Сам Олеша добавил, что играл в том матче правого крайнего: «Я загнал гол – один из шести, вбитых нами Одесской 4-й гимназии, также вышедшей в финал.

После матча меня качали выбежавшие на поле гимназисты разных гимназий. Как видно, моя игра понравилась зрителям. Я был в белом – белые трусы, белая майка. Также и бутсы были белые, и черные с зеленым бубликом вокруг икры чулки.

Однако инспектор учебного округа Марданов, царской красоты армянин из воска и черной пакли, обратил внимание на то, что этот маленький футболист, то есть я, несколько бледен. Не вредно ли для здоровья играть ему в футбол?

-10

Через несколько дней врач сказал, что у меня невроз сердца и мне играть в футбол нельзя. Я сразу как бы почувствовал себя тяжелобольным. Почувствовал, как бьется сердце, как ни с того ни с сего хочется сесть, посидеть. Этот Марданов сыграл в моей жизни роковую роль, так как из-за него я почувствовал впервые, что есть невозможность, запрет».

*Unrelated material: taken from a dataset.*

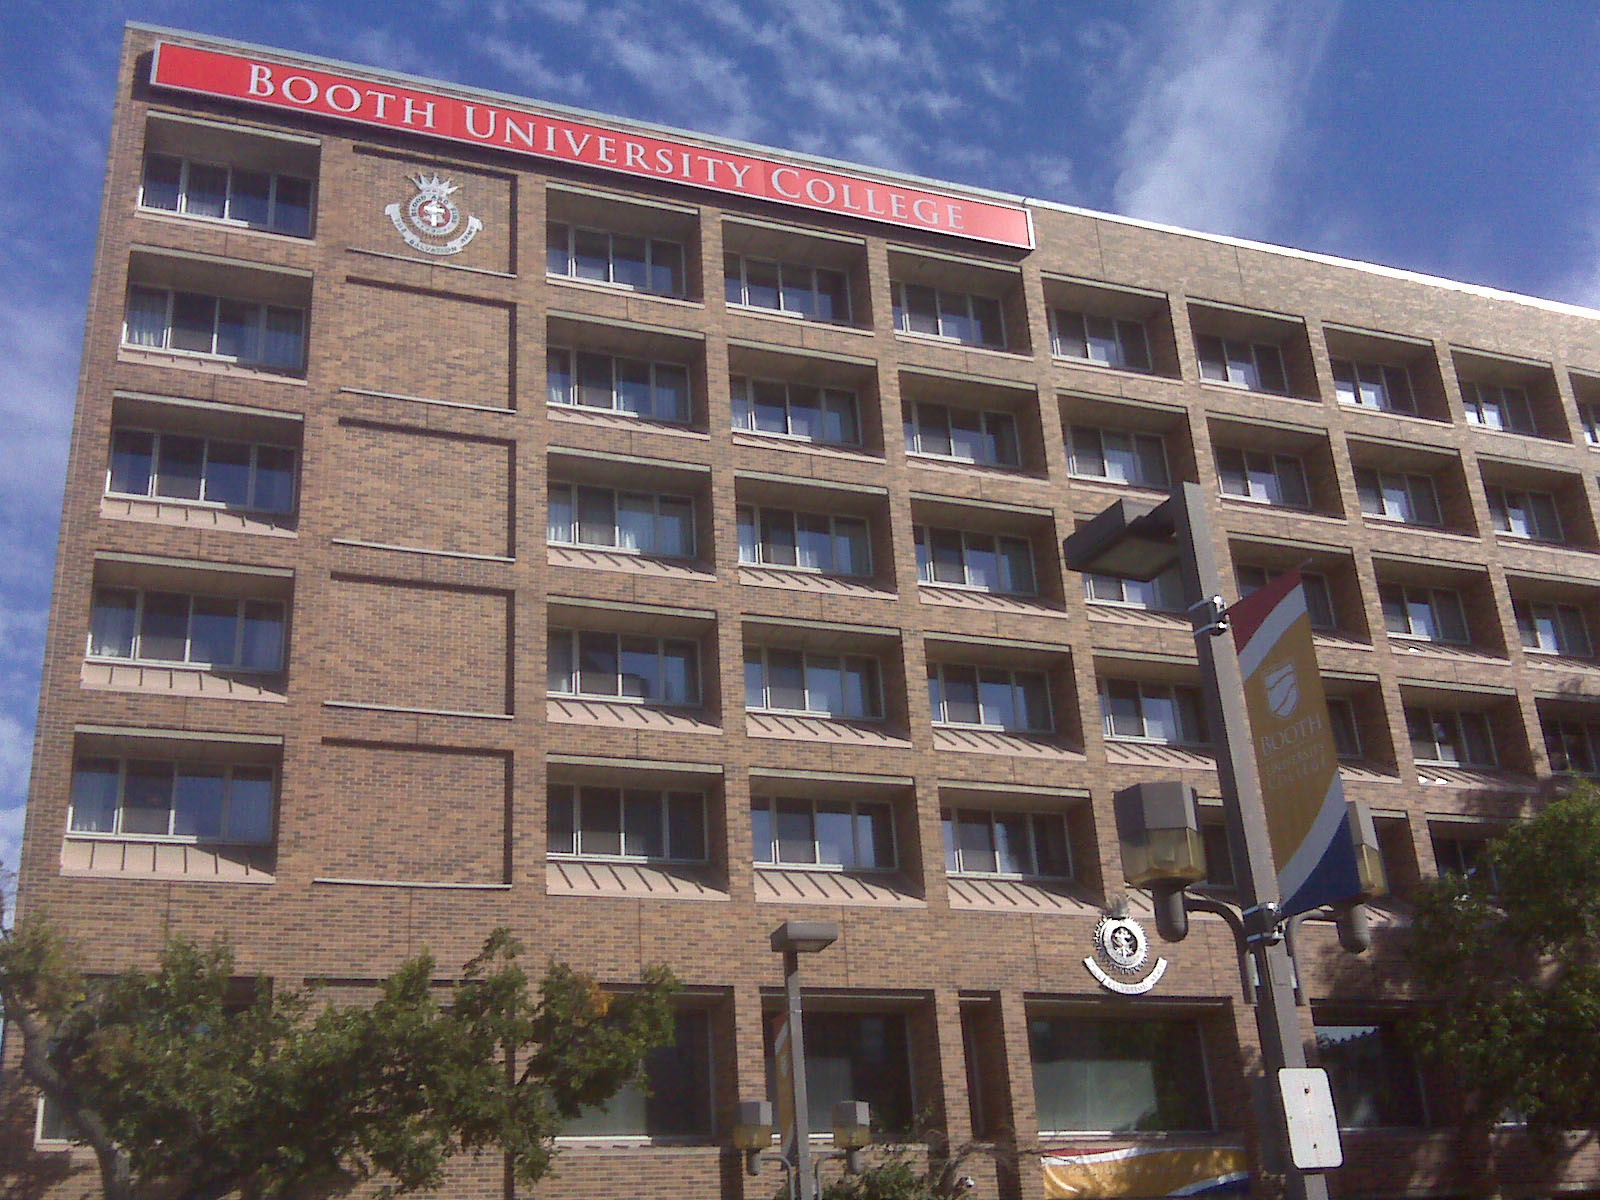 A seven-story brick building with a red sign across the top reading Booth University College.

В «Зависти» Олеша противопоставил Володе Макарову, символу нового поколения, немецкого ветерана Гецкэ, который приехал в СССР со своей командой: «Володя был профессионал-спортсмен, — тот был профессионал-игрок. Володе был важен общий ход игры, общая победа, исход, — Гецкэ стремился лишь к тому, чтобы показать свое искусство.

-11

Он был старый, опытный игрок, не собиравшийся поддерживать честь команды; он дорожил только собственным успехом; он не состоял постоянным членом какой-нибудь спортивной организации, потому что скомпрометировал себя переходами из клуба в клуб за деньги.

Ему запретили участвовать в матчах на розыгрыш первенства. Его приглашали только на товарищескую игру, на показательные матчи и на поездки в другие страны.

Искусство соединялось в нем с везением. Его участие делало команду опасной. Он презирал игроков – и тех, с которыми играл, и противников. Он знал, что забьет любой команде. Остальное ему было не важно. Он был халтурщик».

-12

Через тринадцать лет после выхода «Зависти» Олешу увлек на настоящий футбольный матч Андрей Старостин (познакомил их писатель Фадеев).

Андрей Петрович вспоминал, что Олешу возмущало, как один игрок умышленно сбил соперника, как другой схватил убегающего форварда за майку и чуть не разорвал ее, как третий за спиной судьи ударил соперника кулаком.

«Его реплики становились все громче и раздраженнее, – писал Старостин. – Я понимал, что он ведет борьбу за рыцарский дух в спорте, за романтическую влюбленность в футбол. Он вспомнил популярного в Одессе еще до революции футбольного судью Бейта, непримиримо относившегося к нарушителям правил. И вдруг за безобидное касание мяча рукой судья назначил пенальти.

-13

– Казнь гольмана! – воскликнул Юрий Карлович. Он пользовался устарелой терминологией, времен Бейта, называя вратаря гольманом, защитника — беком, нападающих центральной тройки – полулевый, полуправый.

Вратарь отразил пенальти, Олеша захлопал, а увидев, что судья приказал перебить из-за нарушения правил, воскликнул: «Заговор!» Вскочив, он застегнул пальто на одну верхнюю пуговицу и зашагал к выходу со словами: «Я никогда не участвую в насилии».